Health services utilization prior to amyotrophic lateral sclerosis diagnosis: a province-wide study of individuals treated with riluzole in Ontario, Canada
Campitelli MA, Abrahao A, Maclagan LC, Fu L, Maxwell CJ, Swartz RH, Zinman L, Bronskill SE. Muscle Nerve. 2021; 64(6):691-700. Epub 2021 Aug 26. DOI: https://doi.org/10.1002/mus.27405
Introduction/Aims — Amyotrophic lateral sclerosis (ALS) symptoms mimic those of other conditions and often require multiple physician and healthcare contacts for investigation and accurate diagnosis. We examined the type and frequency of healthcare service utilization prior to ALS diagnosis and tracheostomy-free survival by sex and rurality among individuals treated with riluzole in Ontario, Canada.

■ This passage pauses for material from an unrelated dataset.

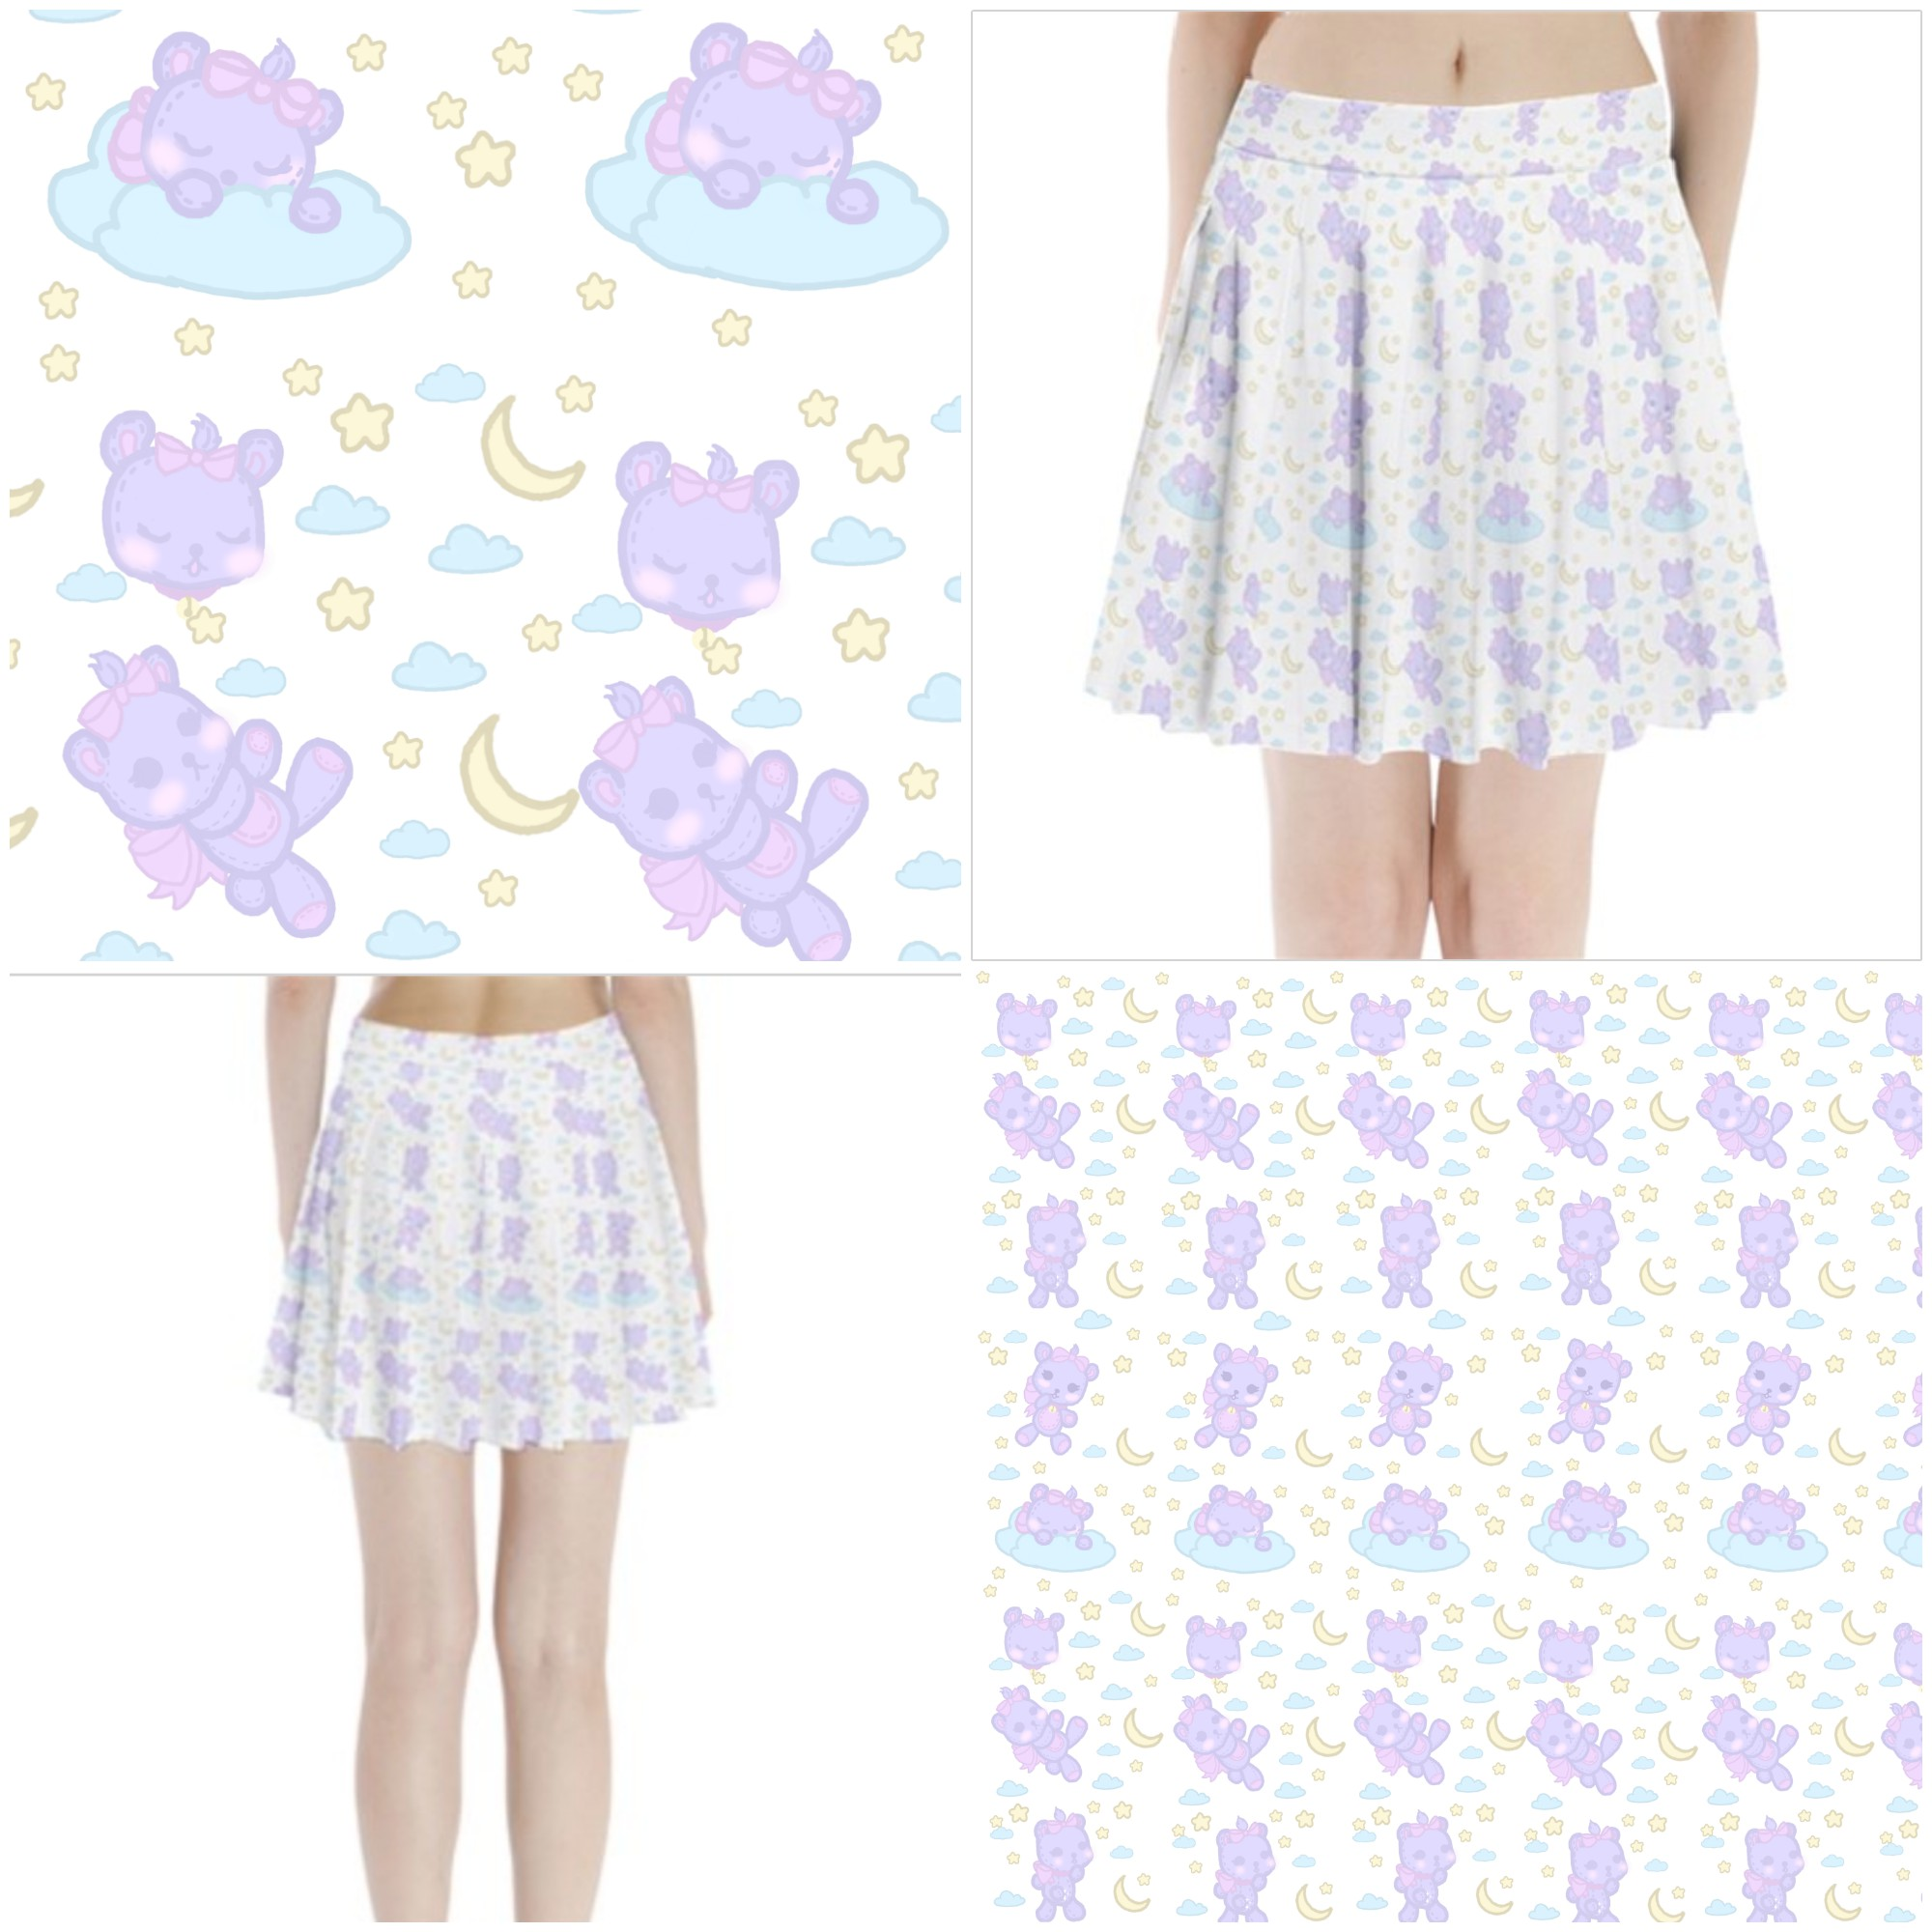 25775d34f9a Sleepy Kuma School Girl Skirt on Storenvy
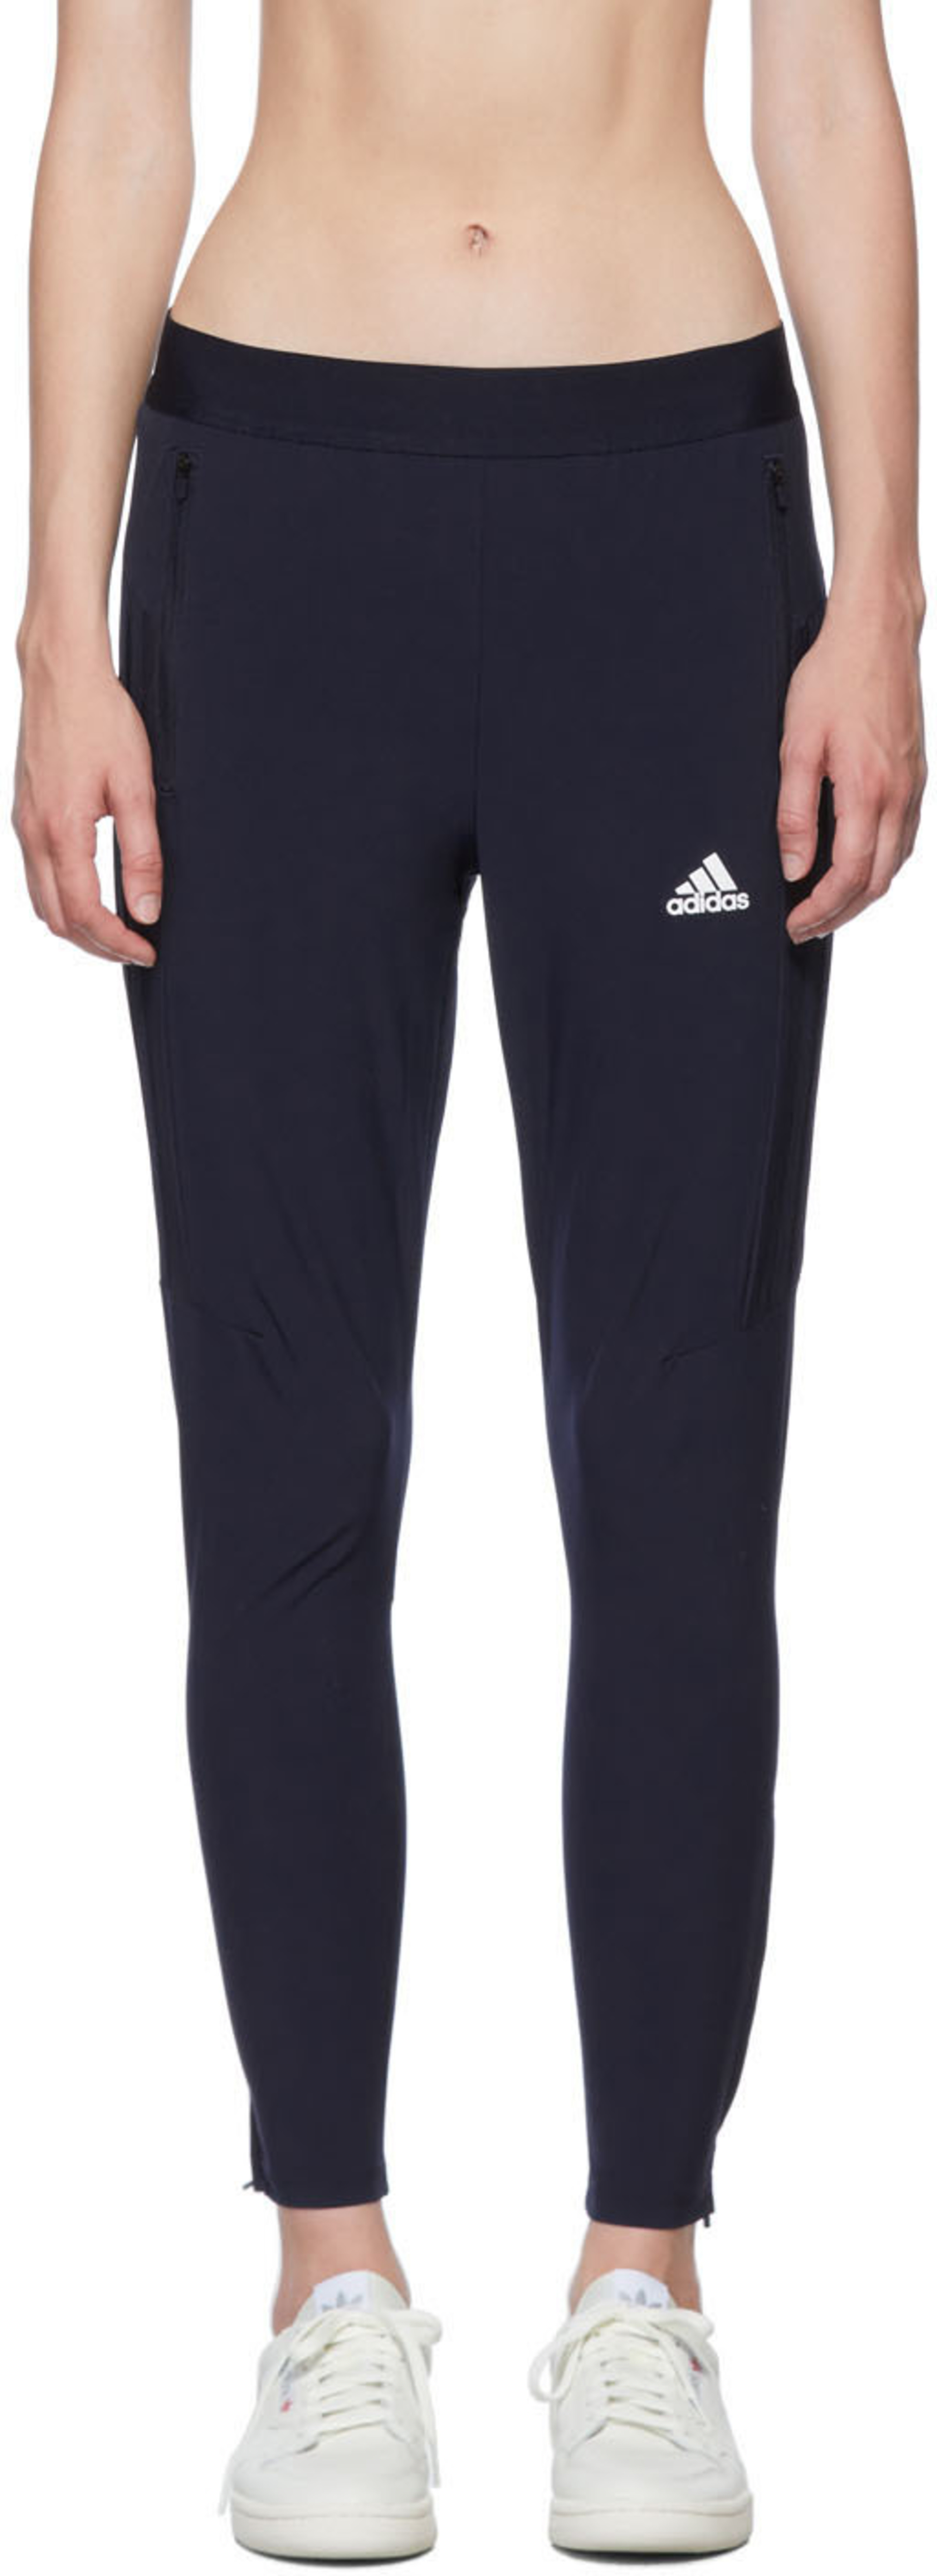 Navy 3 Stripes Training Pants

Methods — This population-based cohort study used administrative databases to identify patients aged 18+ years diagnosed with ALS and started on riluzole between April 2002-March 2018. Using Poisson regression, rate ratios of healthcare utilization and atypical diagnostic tests and unnecessary therapeutic interventions five years prior to ALS diagnosis were compared by sex and rurality. Tracheostomy-free survival after diagnosis was compared between groups using Kaplan-Meier estimators and proportional hazards models.
Results — 1071 patients with ALS were identified with a mean age of 70 years; 563 (52.6%) were men and 134 (12.5%) were rural residents. The number of physician visits increased in the 18 months prior to ALS diagnosis. We observed modest sex differences in healthcare utilization. Rural patients had lower neurologist visit rates (RR 0.78, 95%CI 0.70-0.87) and were significantly more likely to receive an atypical diagnostic test or unnecessary therapeutic intervention (RR 1.80, 95%CI 1.04-3.10). Tracheostomy-free survival did not differ by sex (log-rank p-value = 0.78) or rurality (p-value = 0.84).
Discussion — Given disparities observed in healthcare of rural ALS patients, policy strategies are needed to ensure all patients have timely access to care along the pathway from symptom onset to ALS diagnosis, to enable access to new therapeutics and clinical trials.